Moaeen Naim Maqbel, 54, and 13 of his family members live in a half-standing home in Shujaiya. Having worked inside Israel since age 15, the home Maqbel built over a span of decades was hit by Israeli shelling in 2008/2009, 2012, and was irreparably damaged this summer. 

His family now spends their nights outside in the dark. A small fire they built provides minimal warmth and light. “I worked in Israel starting when I was 15 and saved money for this house. It was hit in 2008/2009, 2012, and now it’s destroyed,” Maqbel told me. 

From where they sit, the lights of the Israeli kibbutz and military base of Nahal Oz are visible just several hundred meters away. “We can see they have electricity even on their borders where there aren’t any people. But there are people living here without electricity,” he explained. “We aren’t human, or what? Our life is hell. We are living like animals — maybe the cows live better than us.” 

Despite the $5.4 billion promised by the international community in Cairo last month, Israel has blocked the delivery of vital construction materials. Since the August 26th ceasefire, less than 1/1000th of the construction materials Palestinian officials estimate are needed to rebuild have actually entered the coastal enclave. 

With no prospects of rebuilding with imported materials, Palestinians comb through rubble in efforts to salvage any materials to rebuild. Throughout areas that were bombed, rebar skeletons of buildings are picked clean of concrete before teams of two workers use a basic machine to straighten each piece. 

A worker at the Zafer 4 Tower rubble salvages rebar that will be used to rebuild. (Photo: Dan Cohen)

A worker at the Zafer 4 Tower rubble salvages rebar that will be used to rebuild. (Photo: Dan Cohen)

For the group of men who work ten-hour shifts combing the rubble of the Zafer Four tower in Gaza City, this labor is the best option available. Thaer Ayman Abdel Aziz Qassem, 20, spoke to me while he worked, unable to take a break. “My wages from this work aren’t sufficient to live. I wake up and start working at 6 am and finish at 4 pm. Every day is the same. While we work, we find clothes, jewelry and money. People come to check for their belongings from what we find. They left everything when they fled.” 

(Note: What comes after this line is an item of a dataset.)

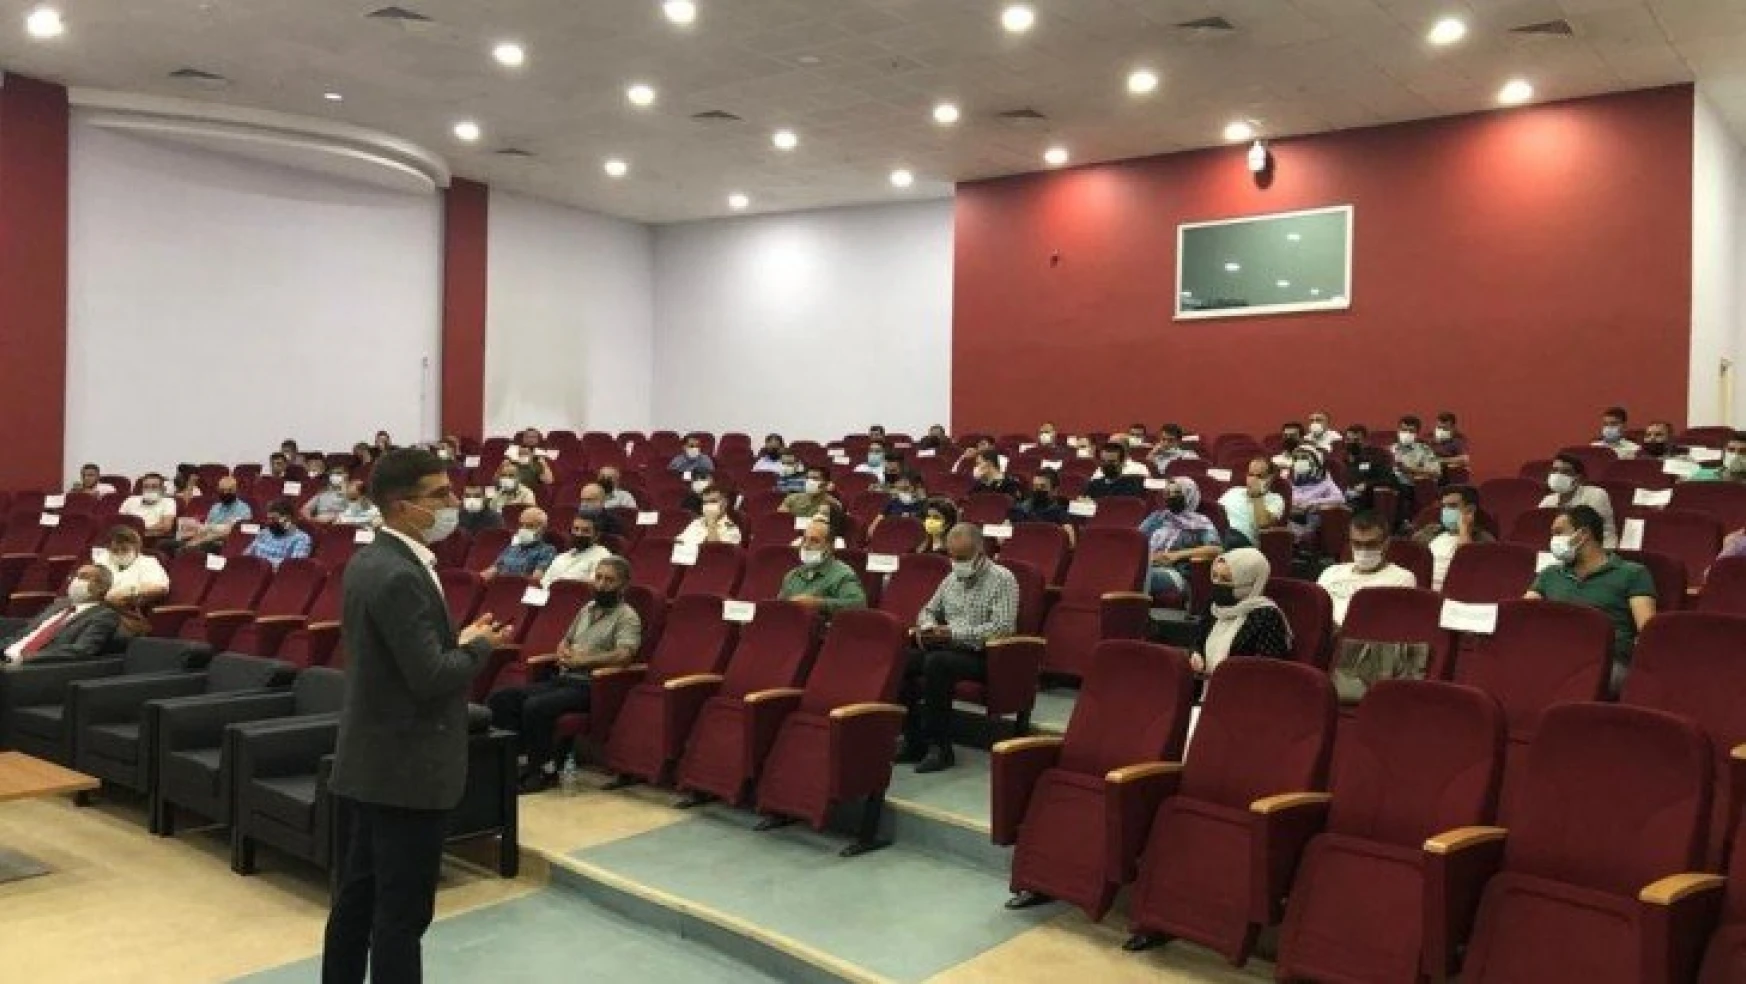 Malatya'da güvenlik görevlilerine seminer

As the siege prevents rebuilding efforts, the war further exacerbated the economic crisis resulting from Israel’s eight-year siege. With unemployment at 55%, others resort to any work they can to survive.

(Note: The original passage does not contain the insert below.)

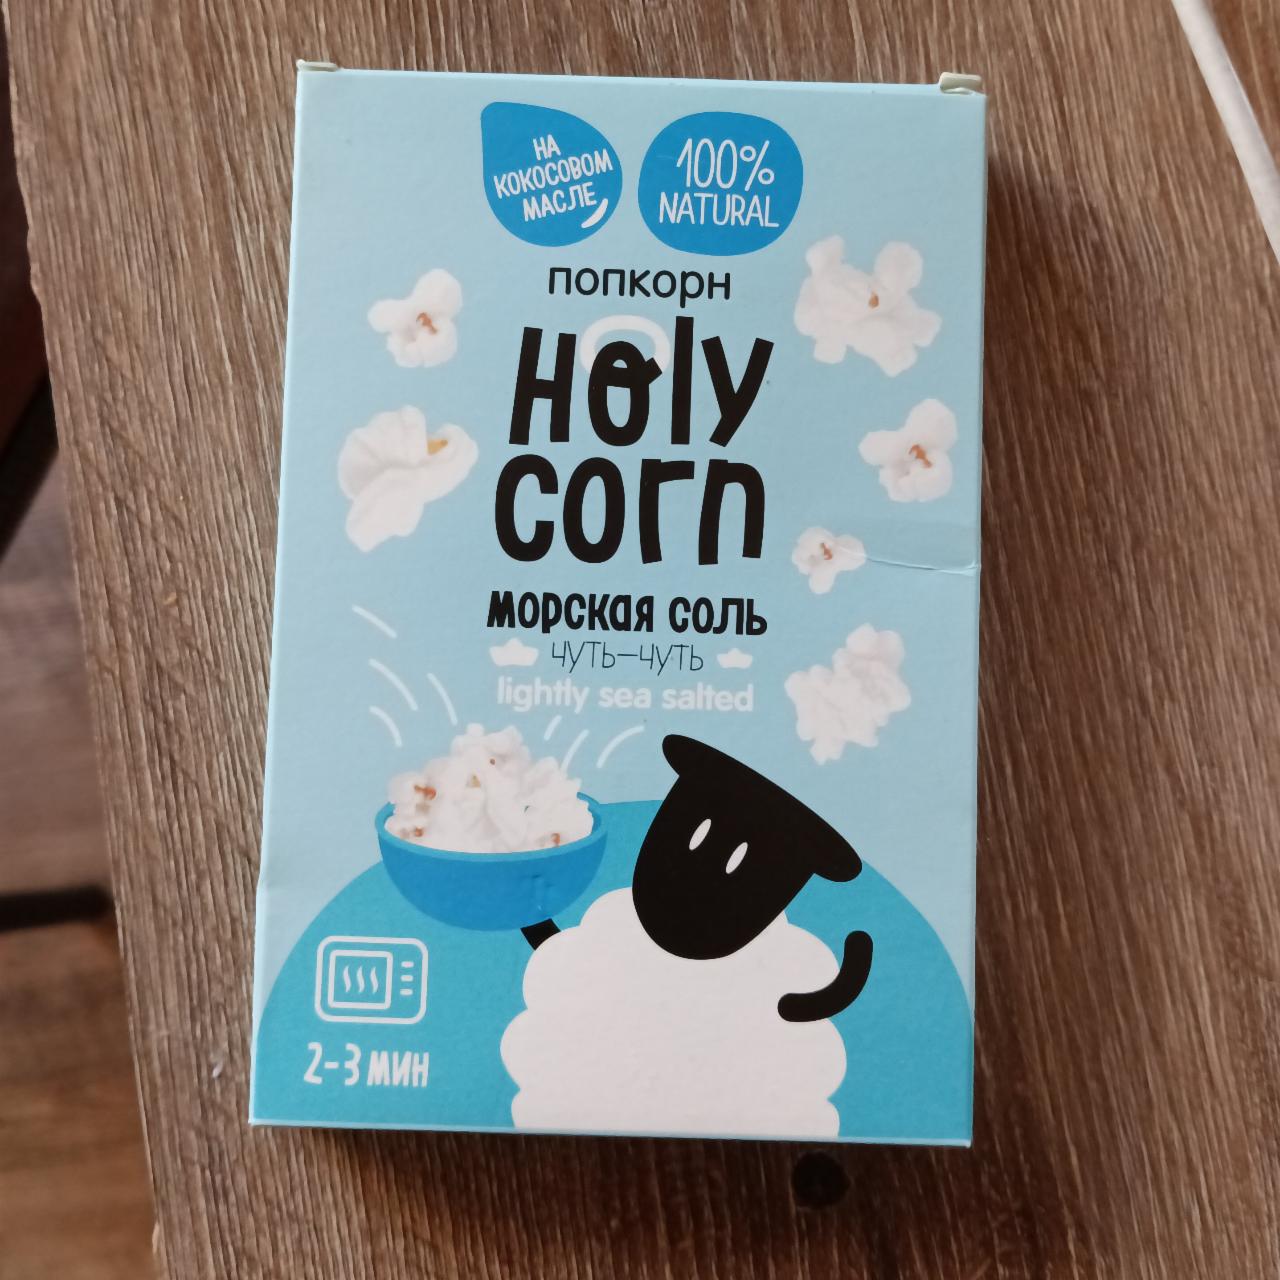 Фото - попкорн морская соль чуть-чуть Holy corn

Mohammed Majd Hosni Al-Madhoun, 23, collects rocks in a lot in Gaza City. (Photo: Dan Cohen)

Mohammed Majd Hosni Al-Madhoun, 23, collects rocks in a lot in Gaza City. (Photo: Dan Cohen)

Mohammed Majd Hosni Al-Madhoun, 23, from the Gaza City area of Sheik Radwan, sifts through dirt to collect rocks that he gathers into plastic buckets. Due to the ban of construction materials, he is sometimes able to sell the rocks to construction companies. “I used to work at sea and then I was a construction worker but now there is no work,” Al-Madhoun said. “I started to search for work in any place I could find it. I work every day that there is no rain but I can’t make a living selling rocks because it’s physically impossible to work enough. For a day of work, sometimes I earn five dollars, sometimes twenty dollars and something nothing. I am newly engaged and need to work in order to save money for my wedding.” 

Mohammed Majd Hosni Al-Madhoun, 23, sifts dirt to collect rocks. (Photo: Dan Cohen)

Mohammed Majd Hosni Al-Madhoun, 23, sifts dirt to collect rocks. (Photo: Dan Cohen)

In the next field over, Yusef Abu Kader and his cousin Saber Abu Kader, both 18, cut pieces of rebar remaining from buildings that were bombed. “I’ve worked since I came to this life — since I was eight years old,” Yusef Abu Kader lamented before adding, “But don’t be sad for us.” 

“We work in places that were bombed to collect scrap metal. Together we earn about five dollars for a day of work,” Yusef Abu Kader said. 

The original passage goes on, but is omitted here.